Durante milenios muchas culturas, tradiciones, religiones y prácticas espirituales diferentes han considerado el profundo vínculo existente entre el hombre y la naturaleza.

La psicología es la ciencia que estudia el comportamiento humano y ha llegado a comprobar que no es posible entender al hombre sin estudiarlo en interrelación con el contexto que lo rodea, lo que implica la consideración del entorno social y el ambiente natural en el que vive.

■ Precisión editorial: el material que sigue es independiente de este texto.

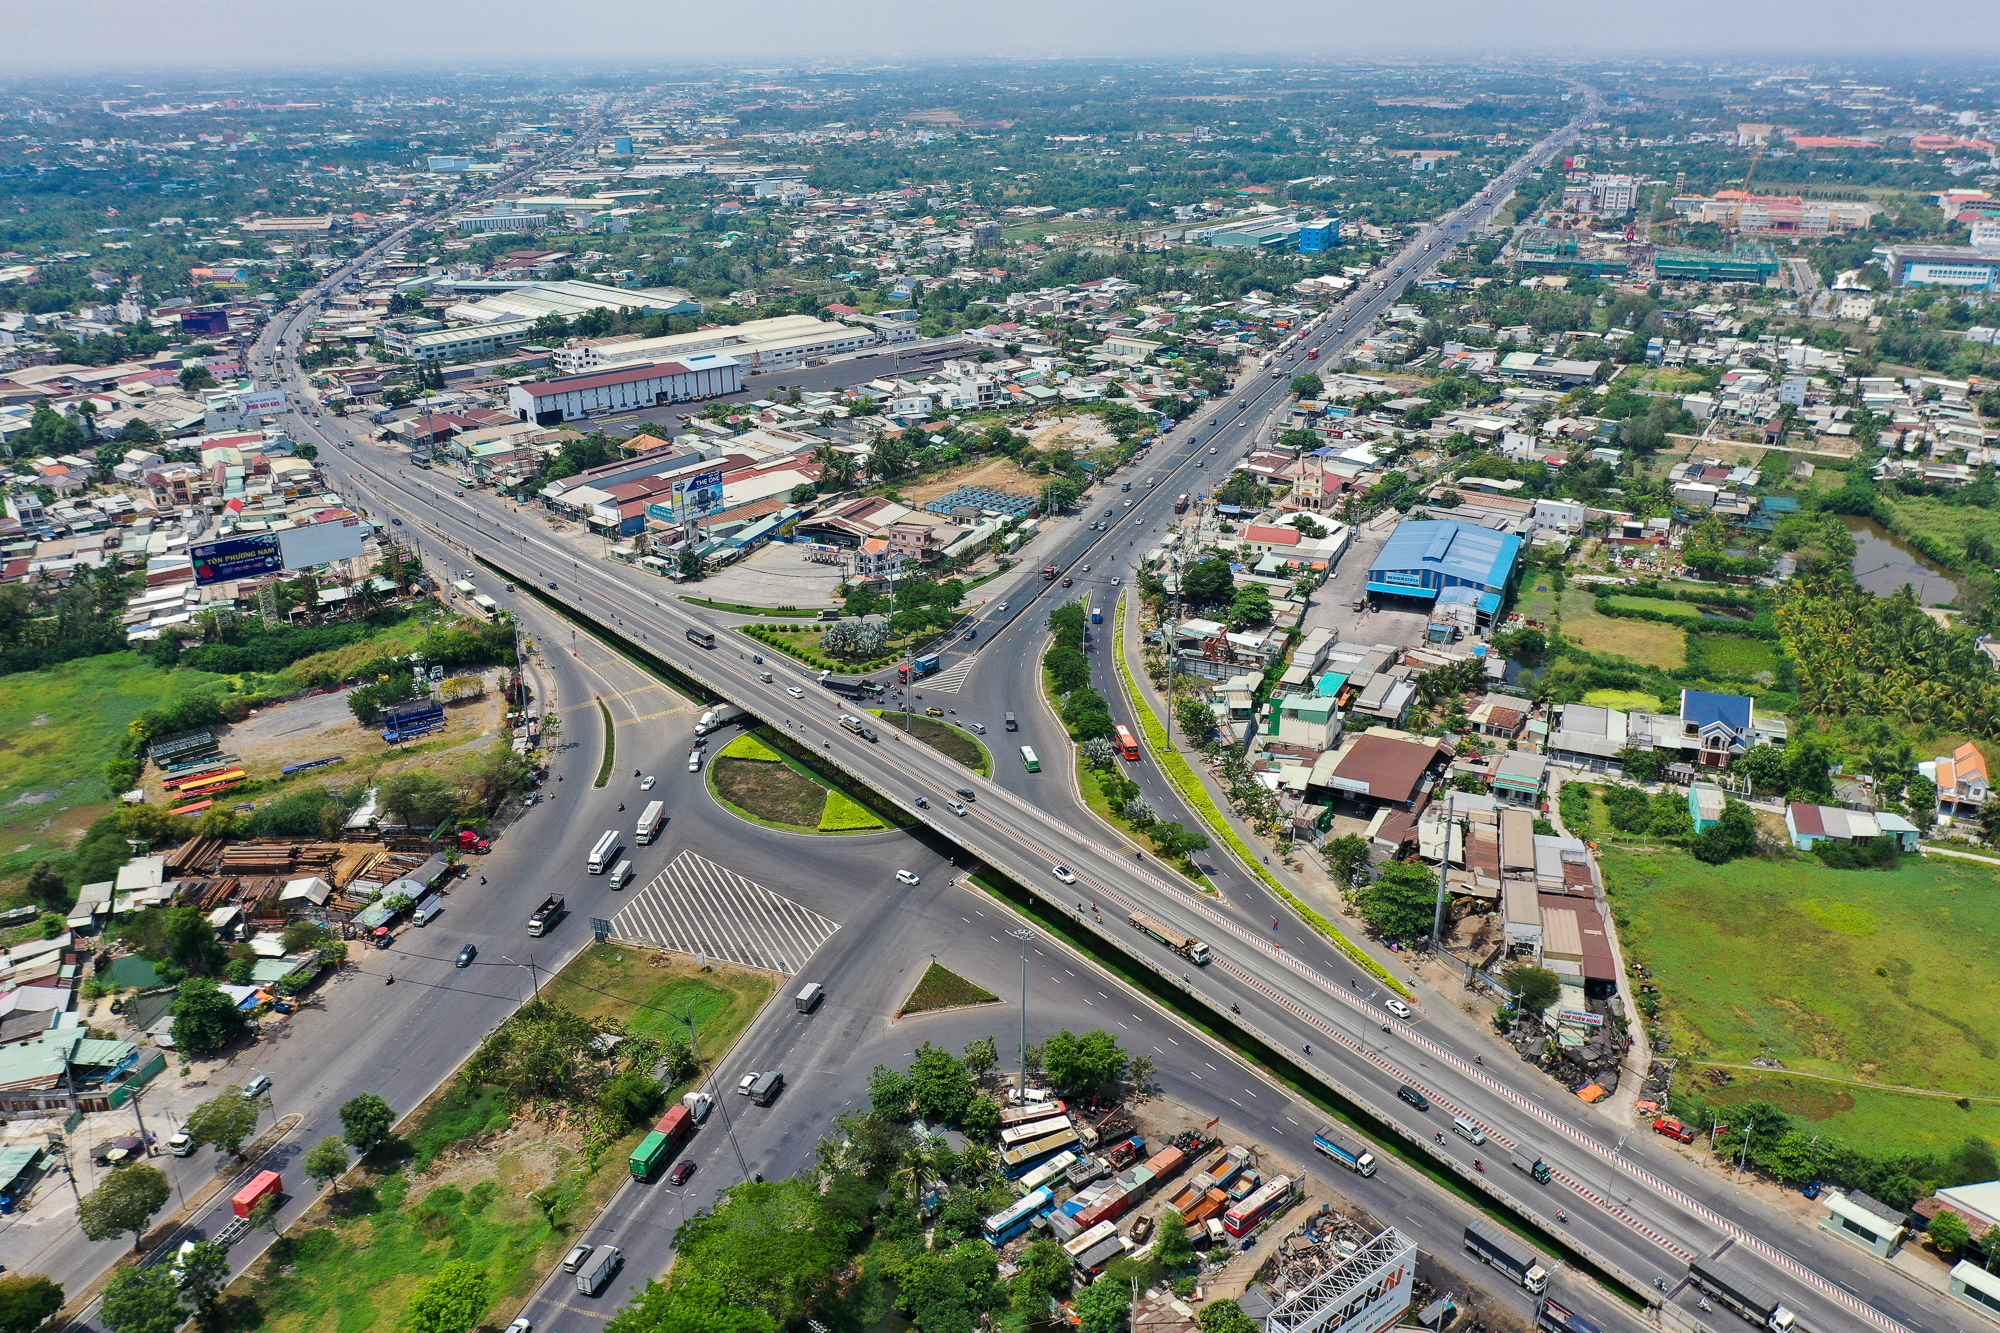 Diện mạo huyện đông dân nhất Việt Nam muốn trở thành thành phố - Ảnh 6.
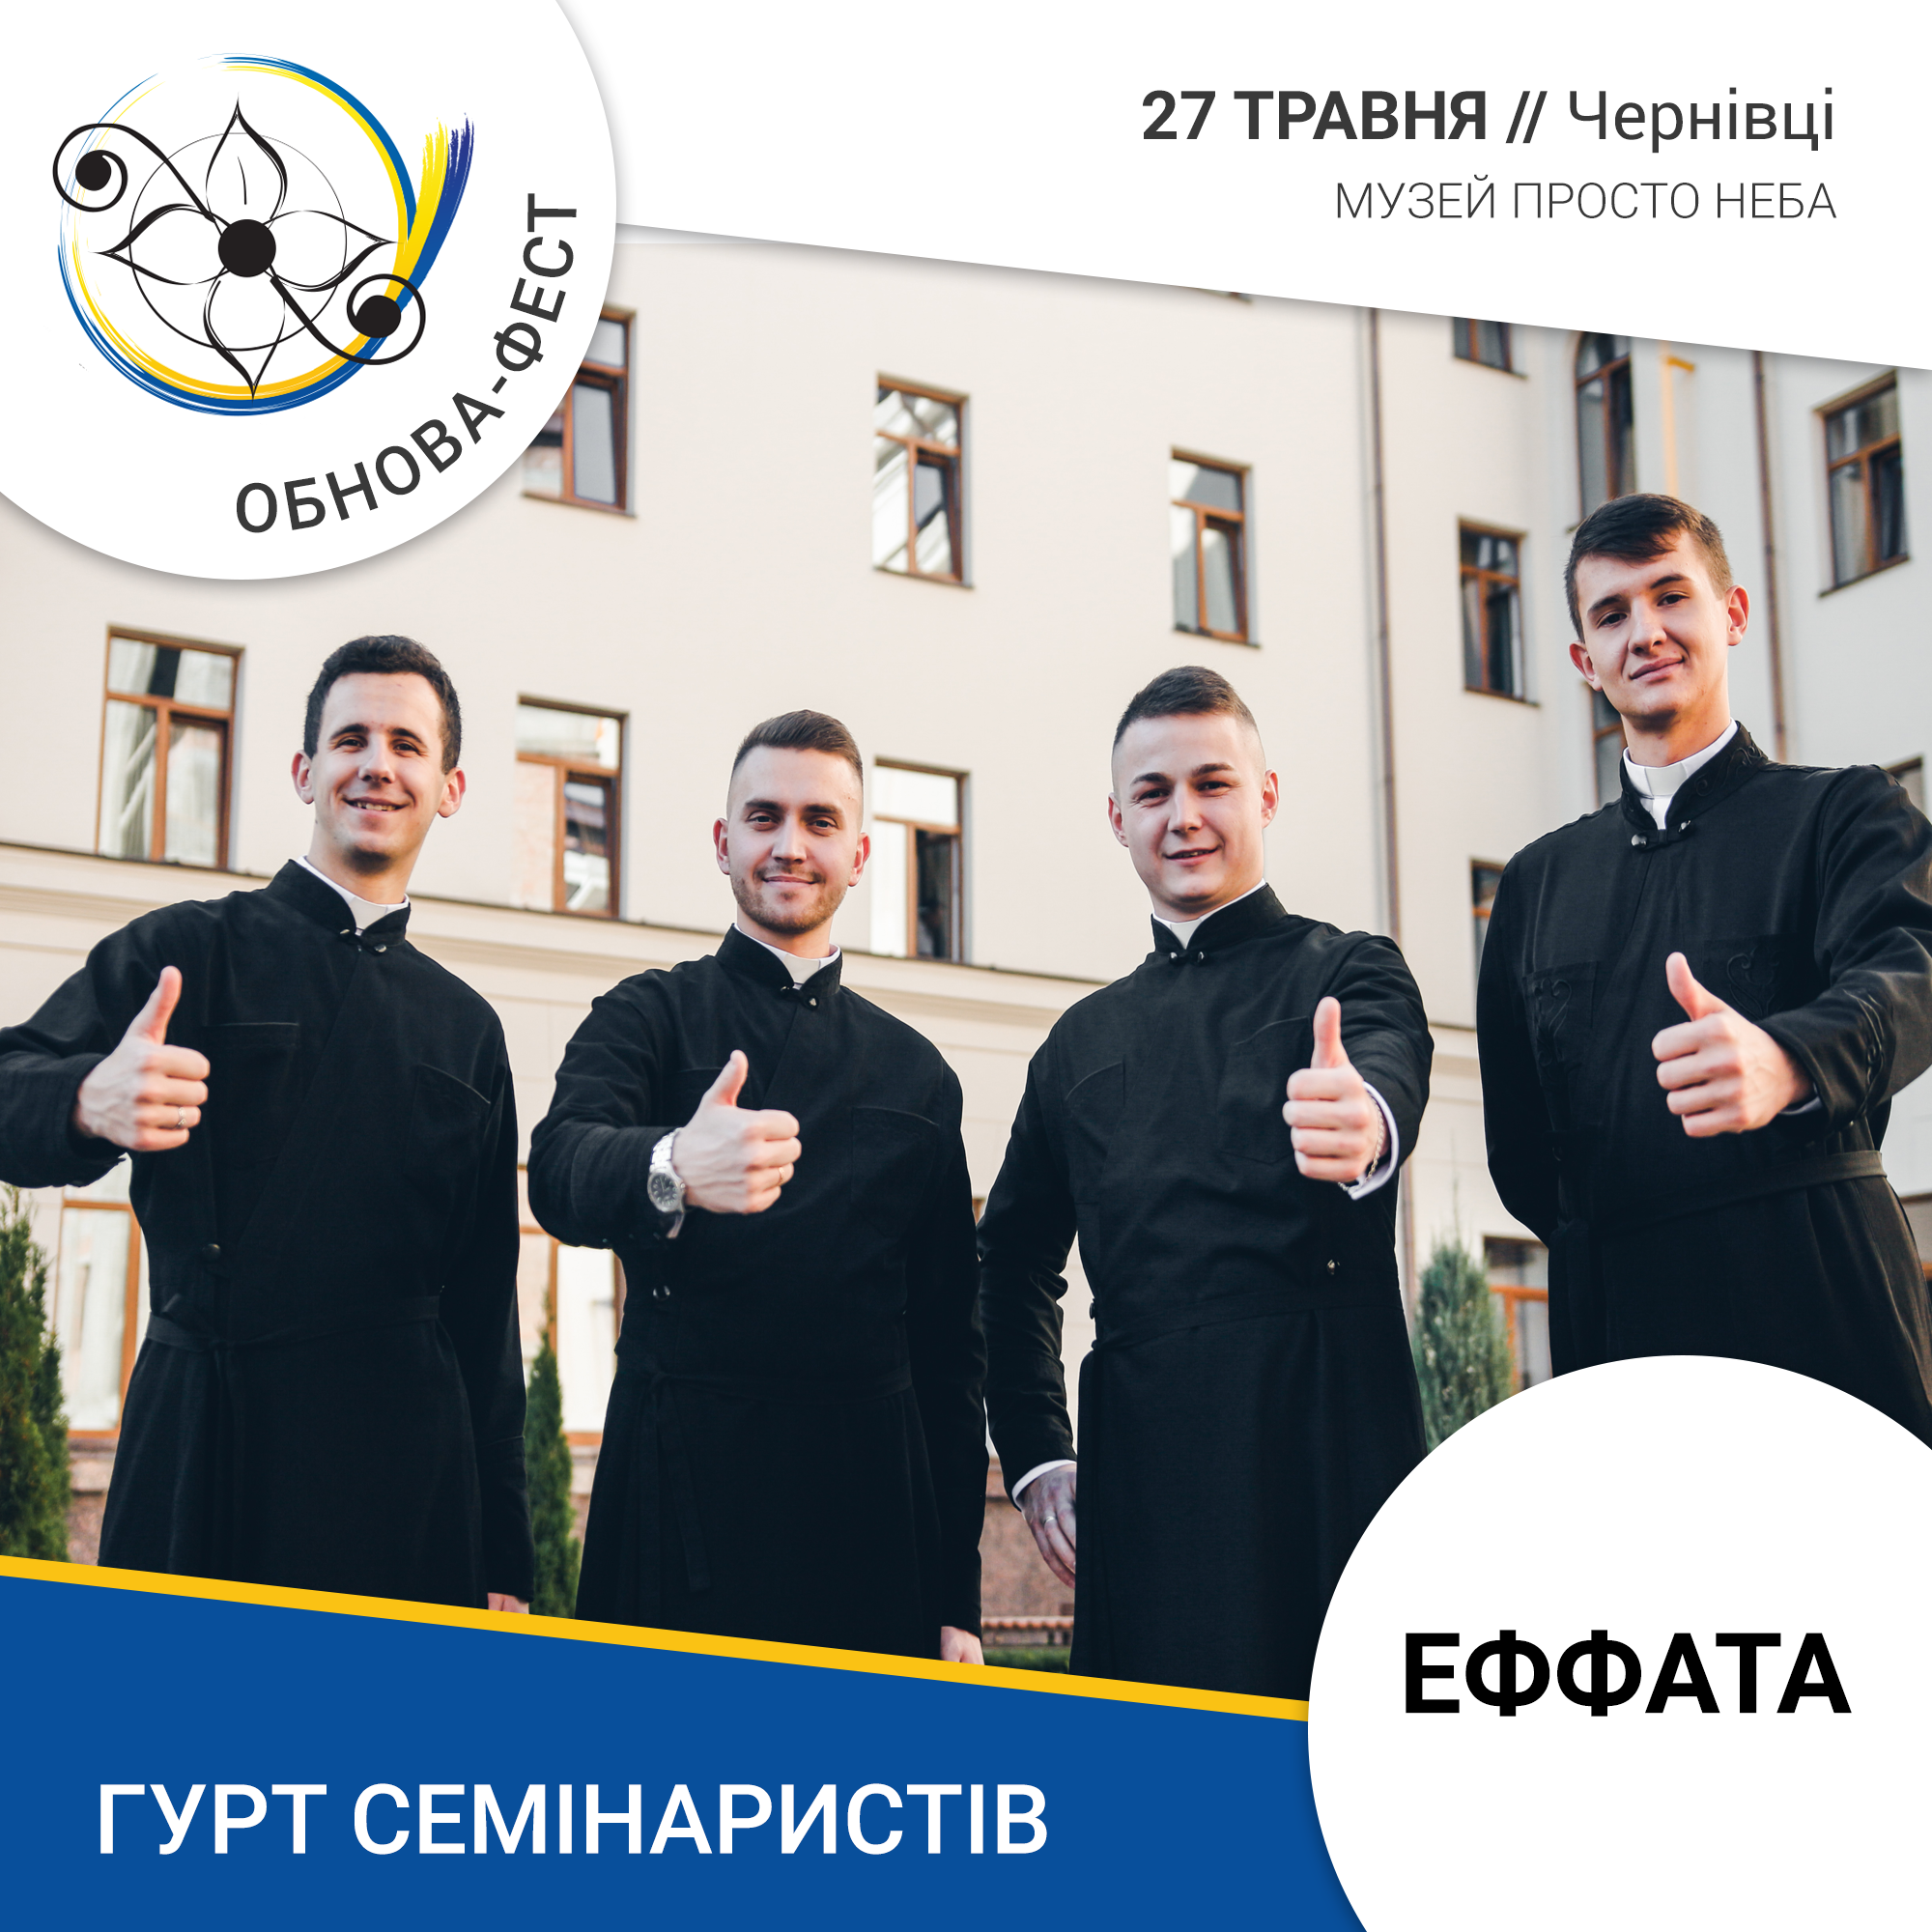 На ювілейному Обнова-фесті 27 травня своїми голосами будуть вражати брати-семінаристи, які ще у 2013 році створили гурт «Εφφατά»

Habitualmente pensamos nuestra salud mental asociada a la vida interior y a la relación que tenemos con otras personas. Poco tenemos en cuenta el vínculo que establece la persona con el ambiente natural y su importancia para el bienestar psíquico.

El beneficio de estar en contacto con la naturaleza va más allá del disfrute, del vivir algo agradable. Varios estudios científicos han demostrado que las experiencias en la naturaleza pueden contribuir al bienestar psicológico. La persona establece con la naturaleza una relación emocional, simbólica (le otorgamos significados, sentidos) y espiritual.

Los aromas, sonidos, estímulos visuales y táctiles de los elementos de la naturaleza al atraer nuestra atención nos “desconectan” de los estímulos ansiógenos de la vida cotidiana, lo cual ayuda a frenar el fluir de pensamientos rumiantes (repetitivos) que perturban. Resulta así un efecto tranquilizador que alivia la angustia y proporciona un estado de relajación no solo psíquica sino física potenciado por el que proporciona el movimiento corporal (al caminar, andar en bici, trotar).

Hay algo de la constancia y repetición de los movimientos en el contexto natural que nos relaja: dan la tranquilidad de que lo que esperamos que pase, pasará, anulando por momentos la incertidumbre propia de la vida humana.

Se ha comprobado que inmiscuirnos en este acto observador nos ayuda a abstraernos, a disminuir el protagonismo de lo racional dando lugar a otras experiencias asociadas a la sensación y a la intuición frecuentemente dejadas de lado. Además mejora las funciones cognitivas: la memoria y la atención, la imaginación, la creatividad y el rendimiento escolar de los niños.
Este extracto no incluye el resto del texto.